Lately im having issues with betta health...nothing bad but it just has me wondering. When you go to the petstore you see rows of beautiful full tailed bettas not a single rip, nip or sign of rot. You pick out a beautiful full tailed betta, bring him home, set up the right environment (no rough edges/baffled filters/real plants et), perform plenty of water changes and feed right...yet within the first week your betta gets torn fins or rot. How on earth does a betta breeder breed their betta's, raise good looking healthy bettas with full tails, ship them to the petstore in a mini bag get placed in a cup where ammonia builds and the betta has no damage to its tail? Im so puzzled. 

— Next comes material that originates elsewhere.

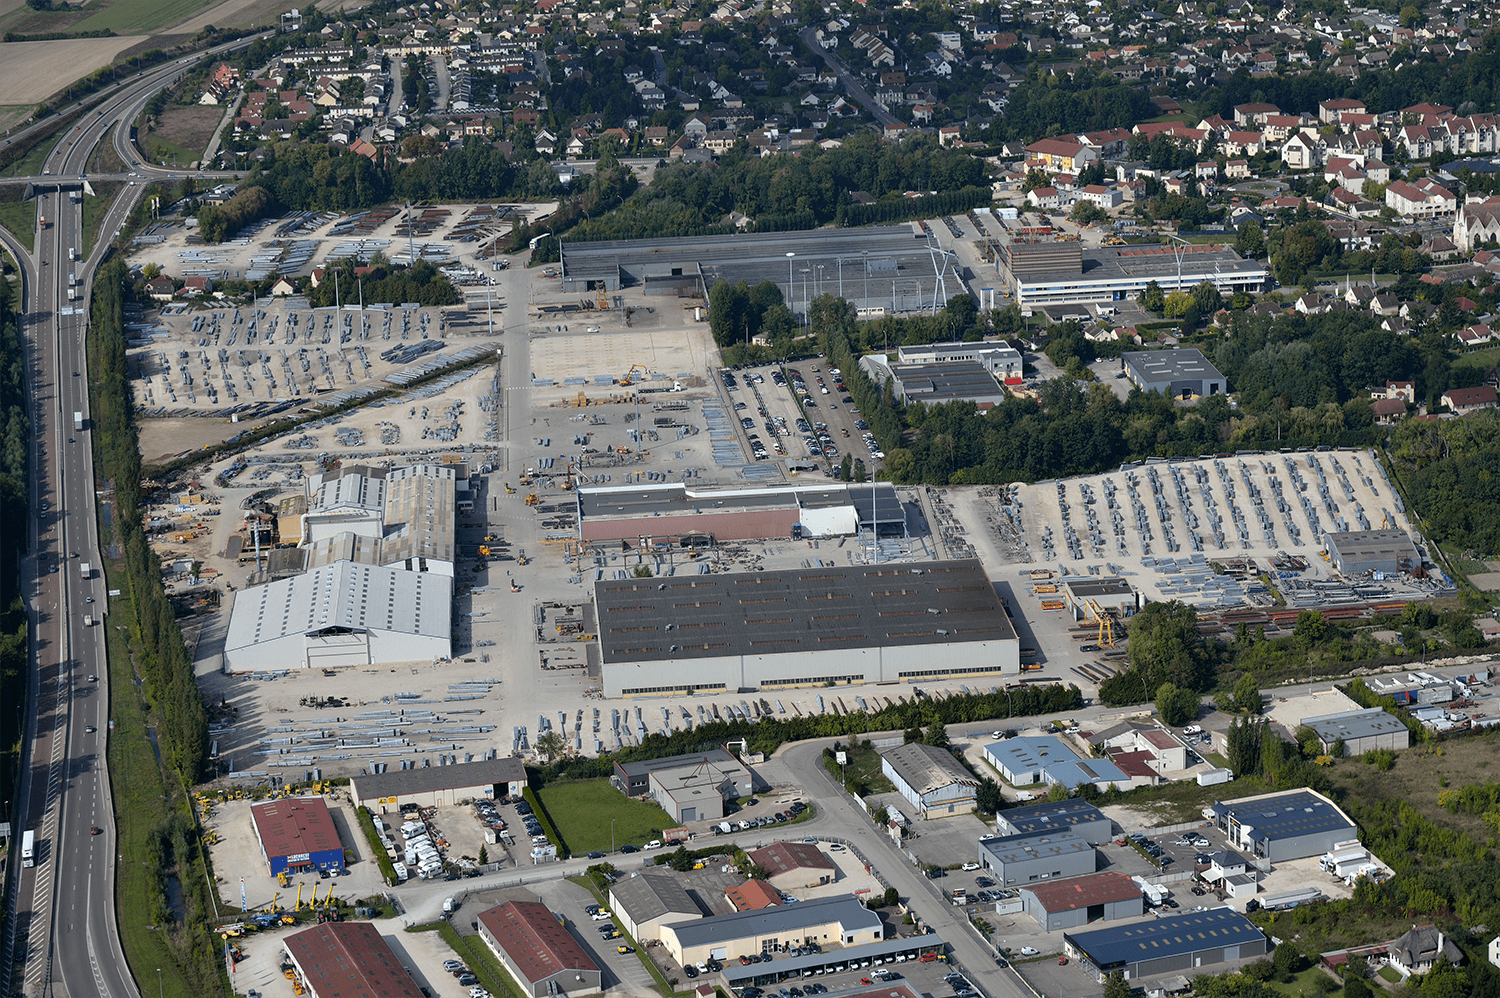 PETITJEAN se encuentra implantada cerca de Troyes, en Champagne, en una planta industrial de 30 hectáreas en la que se diseñan y fabrican íntegramente postes y farolas de todos los tamaños (vista aérea).

How do betta breeders raise healthy babies with beautiful tails and no damage? Im just curious because id like my bettas to keep healthy tails and bodies. It really couldnt be as difficult as its proving to be! I figure I must be missing something. :chair:


----------



## pinetree (Nov 29, 2009)

I haven't had a betta in years, but maybe it is the stress of transport, being put in a cup, etc.


----------



## Obsidian (May 20, 2007)

I've never had a betta that ended up with fin rot, only ones that have gotten more gorgeous with the right environment. 

The only thing I can think of in your case if it is not the physical environment is that the fish stores distributor is a poor source. 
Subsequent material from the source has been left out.